Of course, this is not efficient since the computation of $Ax$ should be reused when computing $f(x)$ and $\nabla f(x)$, just like$\nabla f(x)$ should be reused to compute $\nabla^2 f(x)[u]$. See the various ways of describing the cost function for better alternatives.

For theory on Riemannian submanifolds, see [AMS08], section 3.6.1 (first-order derivatives) and section 5.3.3 (second-order derivatives, i.e., connections).

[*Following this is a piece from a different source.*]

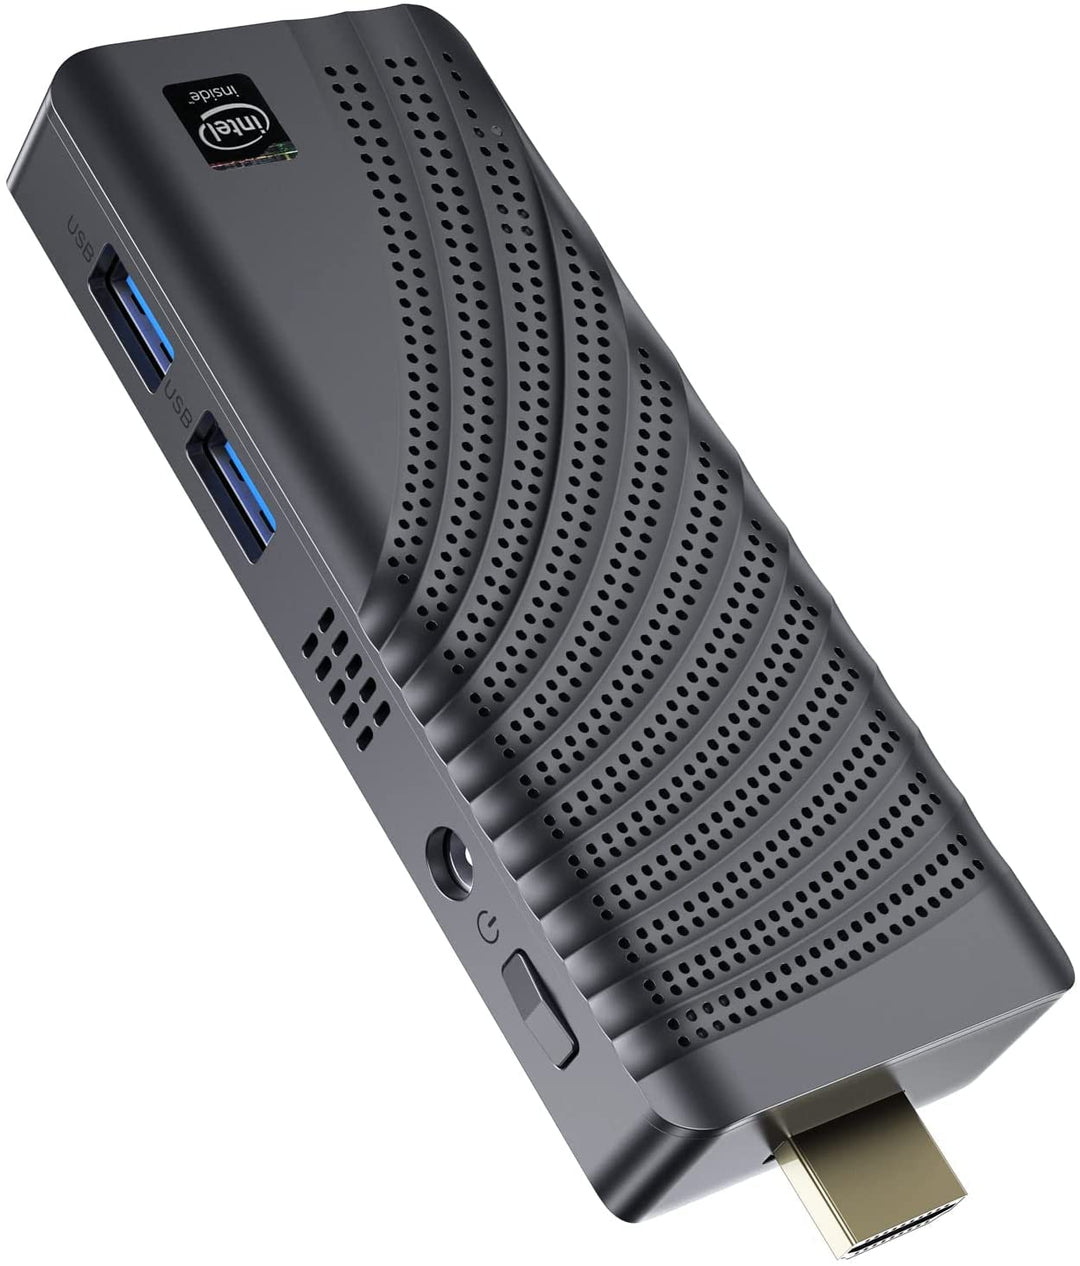 NiPoGi T6P1 スティックpc Windows10 Pro ミニpc インテル Celeron N4000（最大2.6GHz）mini pc 4GB DDR4 64GB eMMC ミニパソコン 4K HDMI 自動電源オン 2.4G / 5G WiFi Bluetooth4.2 ポケットサイズ 軽量 省電力 小型pc
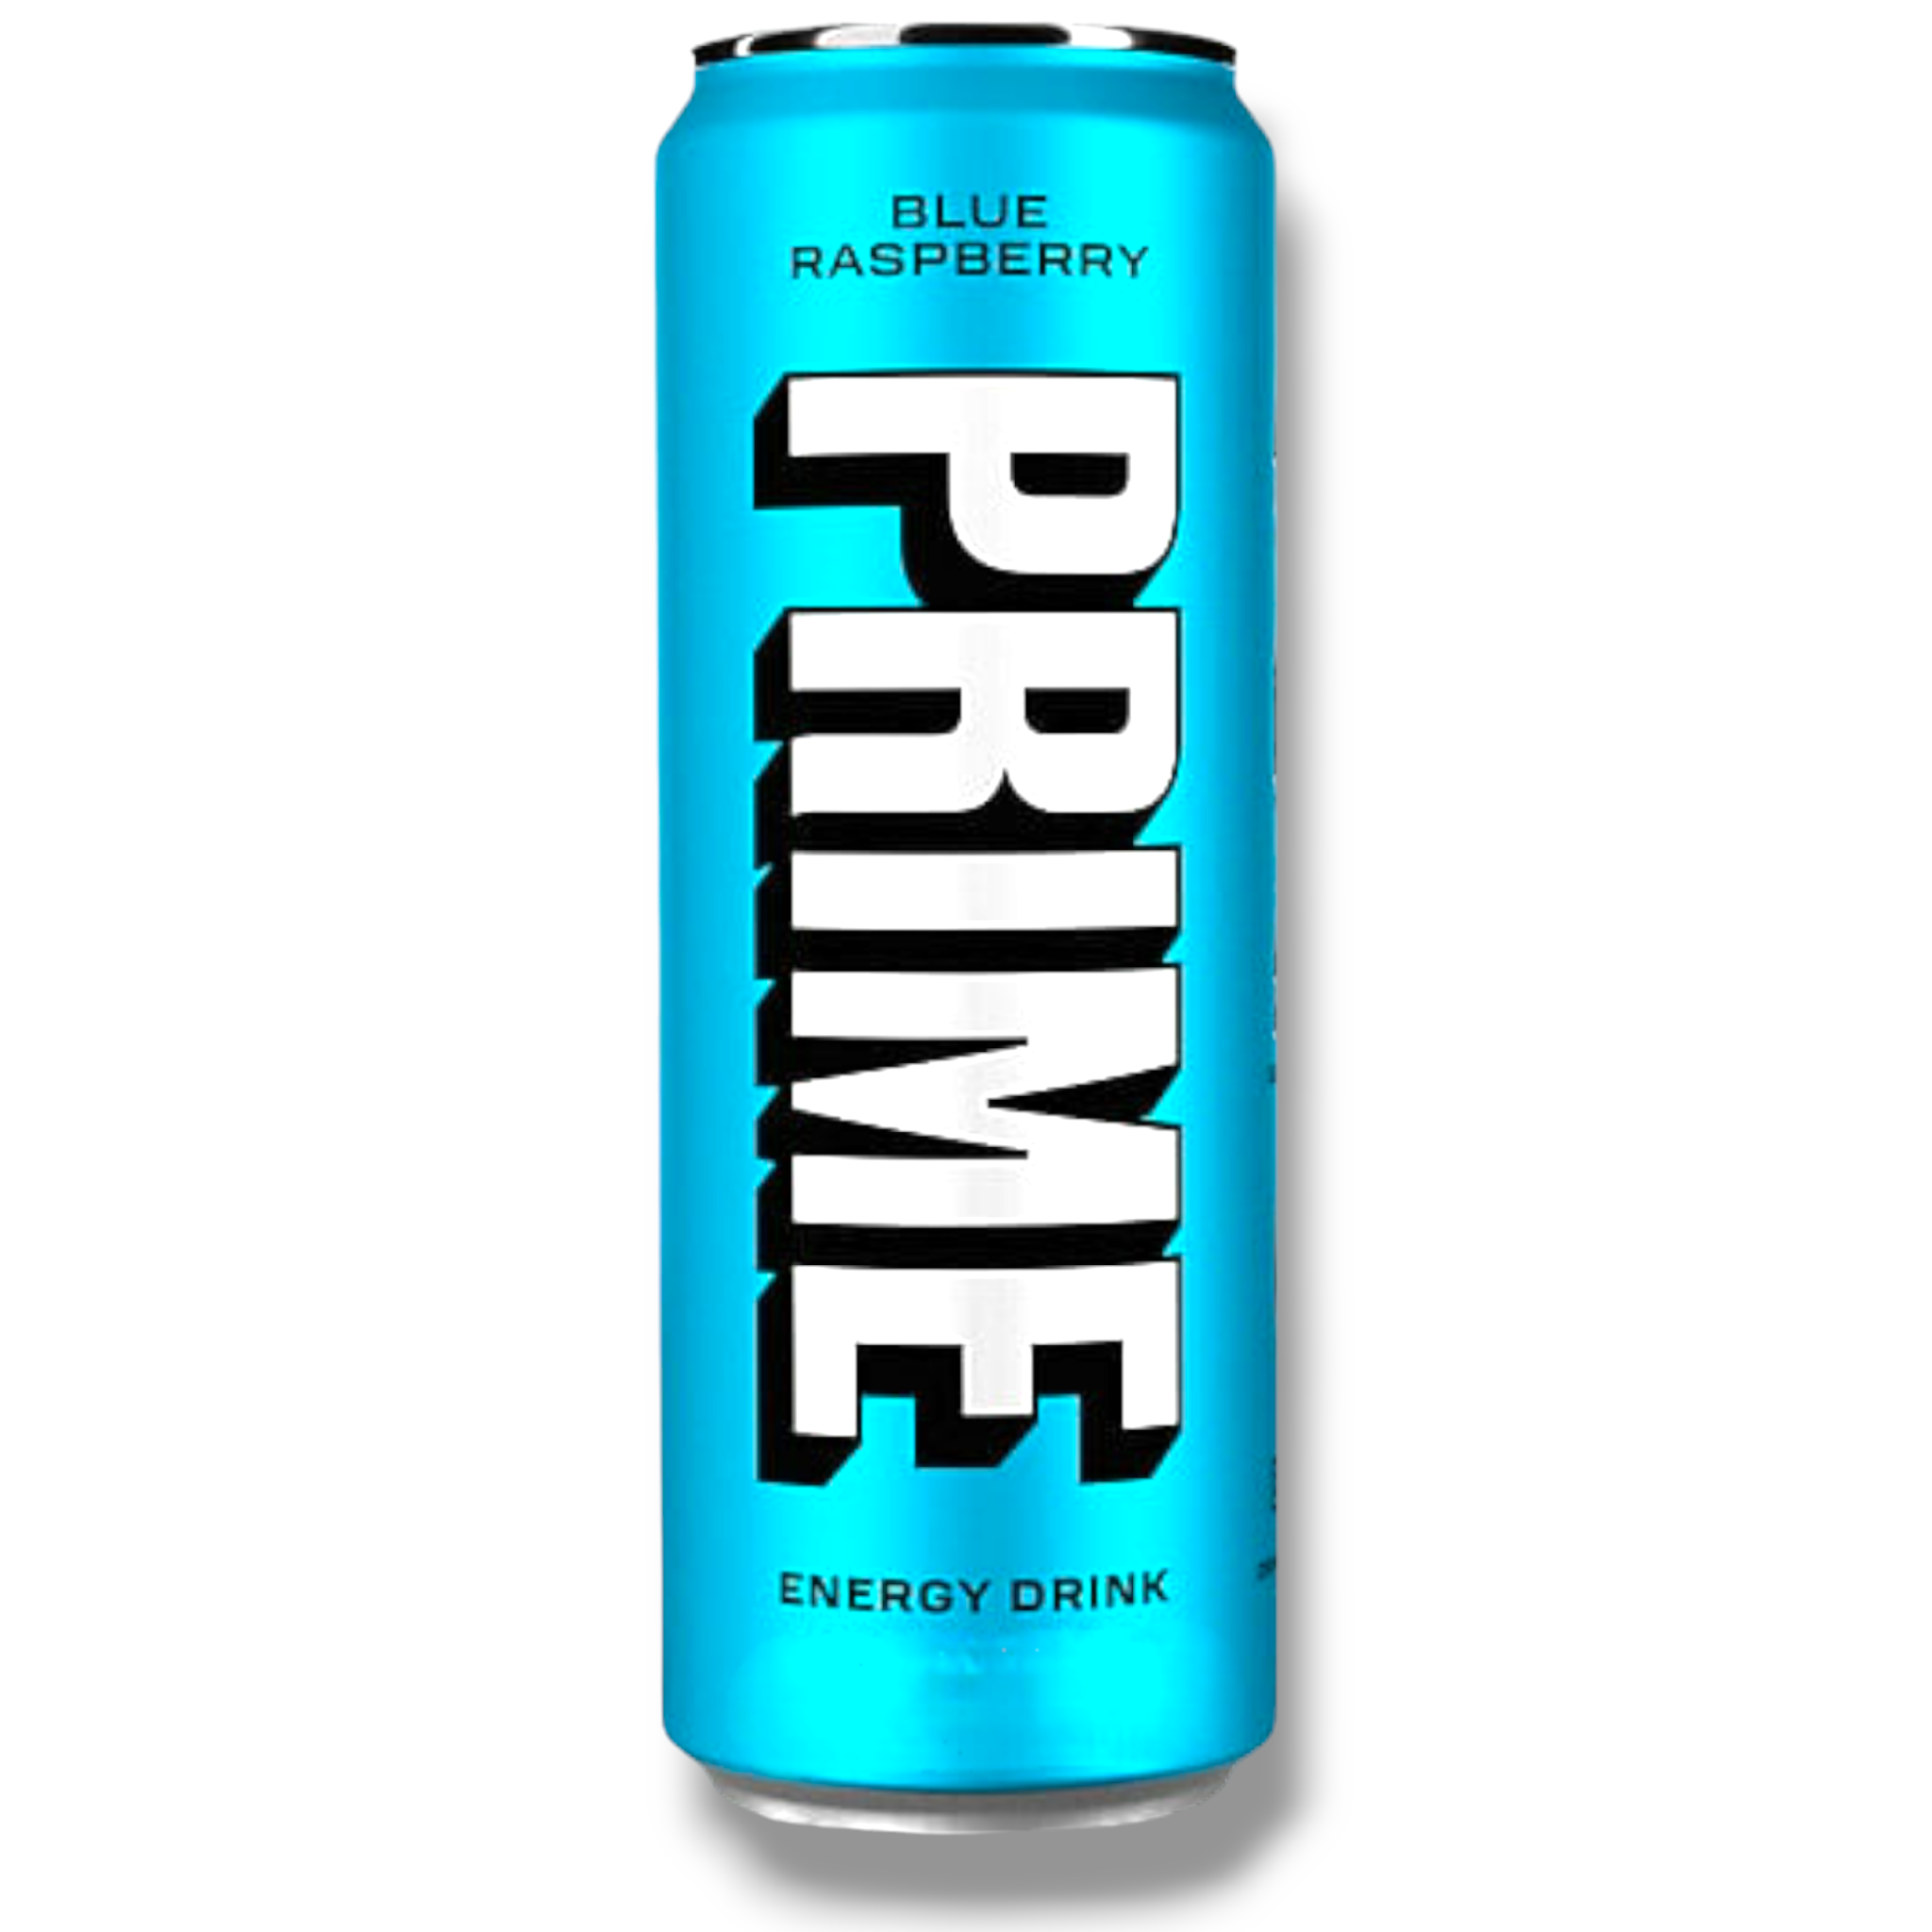 Prime Hydration Drink - Blue Raspberry 330ml Dose- Sportdrink von Logan Paul & KSI/ 140mg Koffein

For content specifically about the sphere, see [AMS08] and look up examples 3.5.1 (tangent space), 3.6.1 (metric, projector), 4.1.1 (retraction), 5.3.1 (connection), 5.4.1 (exponential map, i.e., geodesics) and 8.1.1 (parallel translation, not implemented), 8.1.4 and 8.1.7 (vector transport).

[AMS08] P.-A. Absil, R. Mahony and R. Sepulchre, Optimization Algorithms on Matrix Manifolds, Princeton University Press, 2008.

The first example on the tutorial page is an example on the sphere. Section 6.4.1 in [AMS08] also gives an example of second-order optimization on the sphere.

We are still working on building a collection of examples for Manopt. The relevant ones will be referenced here when the time comes.